On 12/28/2024 11:24 AM, Tim Rentsch wrote:
BGB <cr88192@gmail.com> writes:
On 12/23/2024 3:18 PM, Tim Rentsch wrote:
>
Michael S <already5chosen@yahoo.com> writes:
>
On Mon, 23 Dec 2024 09:46:46 +0100
David Brown <david.brown@hesbynett.no> wrote:
>
And Tim did not rule out using the standard library,
>
Are you sure?
>
I explicitly called out setjmp and longjmp as being excluded.
Based on that, it's reasonable to infer the rest of the
standard library is allowed.
>
Furthermore I don't think it matters. Except for a very small
set of functions -- eg, fopen, fgetc, fputc, malloc, free --
everything else in the standard library either isn't important
for Turing Completeness or can be synthesized from the base
set. The functionality of fprintf(), for example, can be
implemented on top of fputc and non-library language features.
>
If I were to choose a set of primitive functions, probably:
malloc/free and/or realloc
could define, say:
malloc(sz) => realloc(NULL, sz)
free(ptr) => realloc(ptr, 0)
Maybe _msize and _mtag/..., but this is non-standard.
With _msize, can implement realloc on top of malloc/free.
>
For basic IO:
fopen, fclose, fseek, fread, fwrite
>
printf could be implemented on top of vsnprintf and fputs
fputs can be implemented on top of fwrite (via strlen).
With a temporary buffer buffer being used for the printed string.
Most of these aren't needed. I think everything can be
done using only fopen, fclose, fgetc, fputc, and feof.
If you only have fgetc and fputc, IO speeds are going to be unacceptably slow for non-trivial file sizes.
If you try to fake fseek by closing, re-opening, and an fgetc loop, well, also going to be very slow.
Then again, fgetc/fputc as the primary operations could make sense for text files if the implementation is doing some form of format conversion (such as converting between LF only and CR+LF), though admittedly IMO one is better off treating text files as equivalent to binary files (and letting the application deal with any conversions here).
OTOH:
fgetc and fputc can be implemented via fread and fwrite;
feof (for normal files) can be implemented via fseek (*1);
Similar, ftell could be treated as a special case of fseek.
*1: Say, if the internal fseek call were made to return the current file position (similar to lseek).
...
Well, in another also recently left facing off with the wonk of UTF-8 normalization for the VFS layer in my project (for paths/filenames). Options:
Do Nothing, assume valid UTF-8 and that it is sensibly normalized;
May risk malformed encodings at deeper levels of the VFS though.
Encoding only normalization:
Normalize to an M-UTF-8 variant and call it done.
Do a subset of normalizing combining characters.
The full set of Unicode rules would likely be too bulky;
Filesystem should have no concept of locale;
The rules should be ideally be "semi frozen" once defined.
At present, this is applied at the level of VFS syscalls (like "open()" or "opendir()").
Current thinking is that it will normalize to a variant of M-UTF-8 NFC (characters are stored in composed forms), but:
Will only apply the rules covering the Latin-1 and Latin Extended A spaces, and a subset of Latin Extended B.
Though, a case could be made for limiting the scope solely to the Latin-1/1252 range (and passing everything beyond this along as-is).

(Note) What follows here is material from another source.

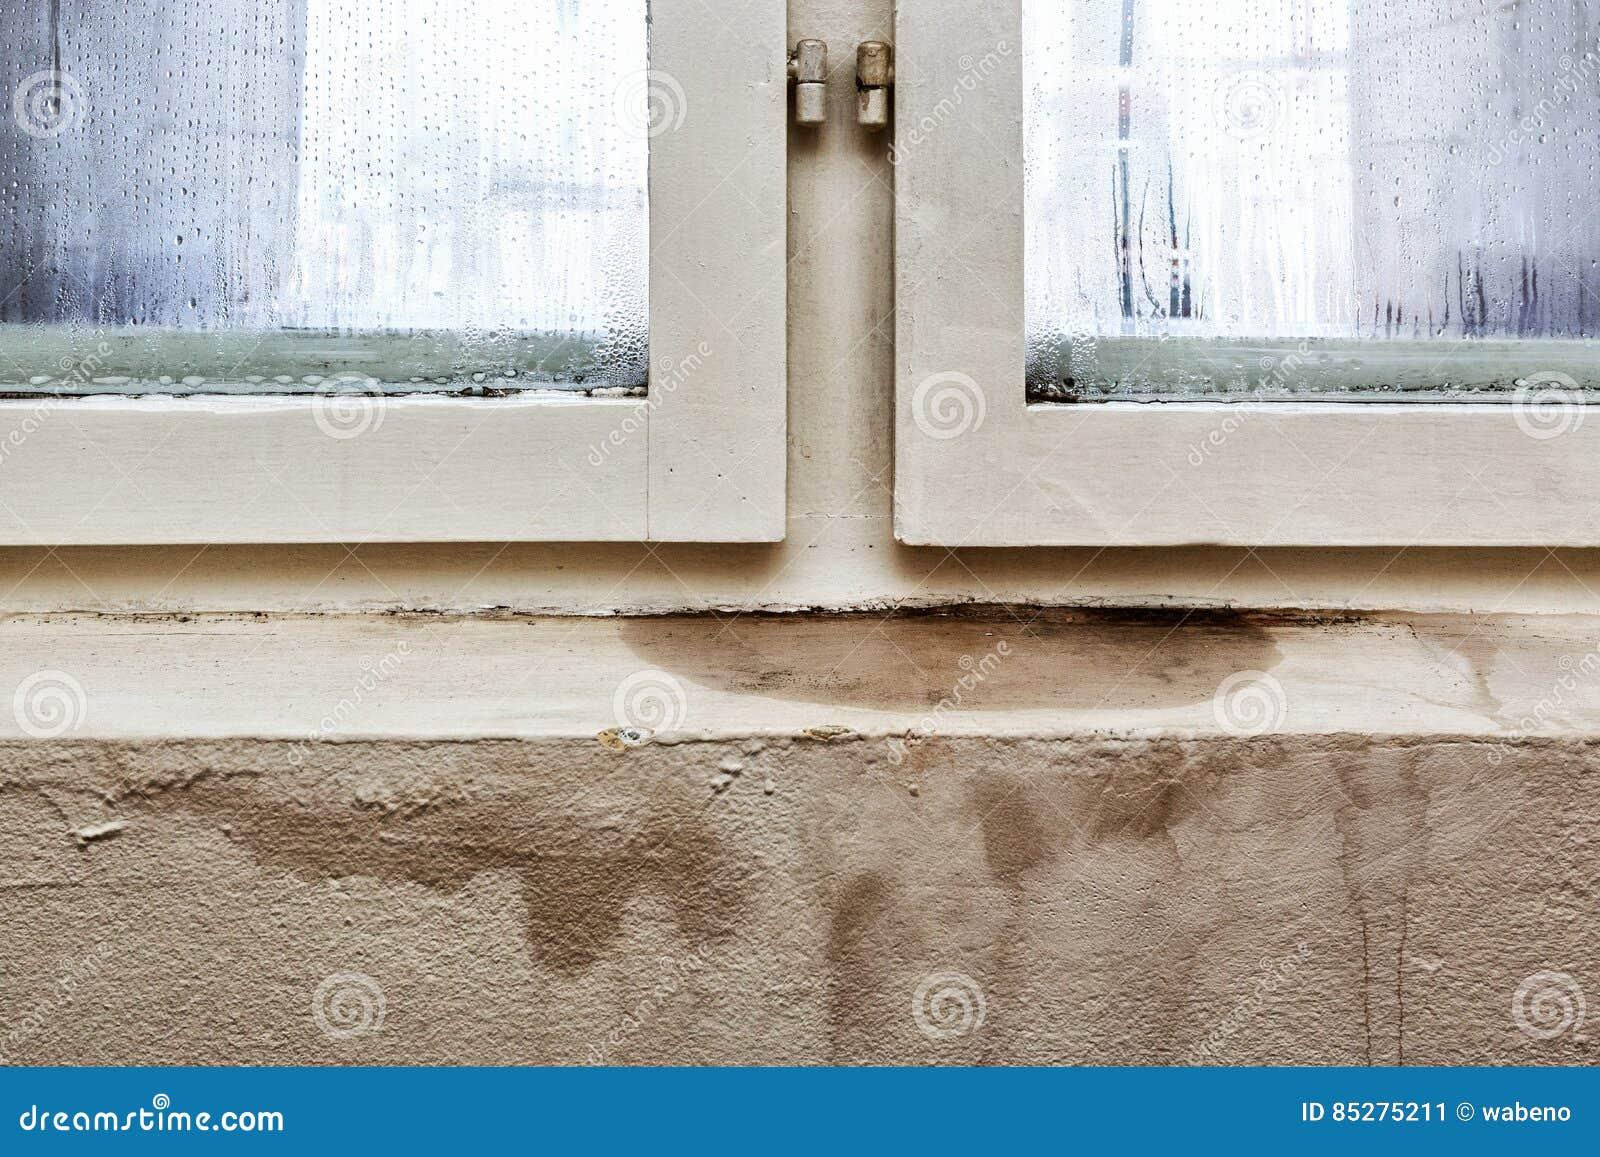 Humidité et moule - problèmes dans une maison

Less sure, had also added cases for the Roman numeral characters, mostly for decomposing them into ASCII; various ligatures would also be decomposed to ASCII (excluding those which appear as their own glyph, so AE and OE are left as-is, but IJ/DZ/... would be decomposed). A case could also be made for leaving these alone (passing them along unmodified). Depends mostly on the open question of whether or not these convey relevant semantic information (or are merely historical/aesthetic).
At present, the rules are stored as a table, with roughly 8 bytes needed per combiner rule (increases to 12 once initialized, mostly because it allocates a pair of 16-bit hash chains).
Namely: SrcCodepoint1, SrcCodepoint2, DstCodepoint, Flags
Flags specify when and how the rule is applied.
SrcCodepoint2 is currently 0x0000 for simple conversion rules.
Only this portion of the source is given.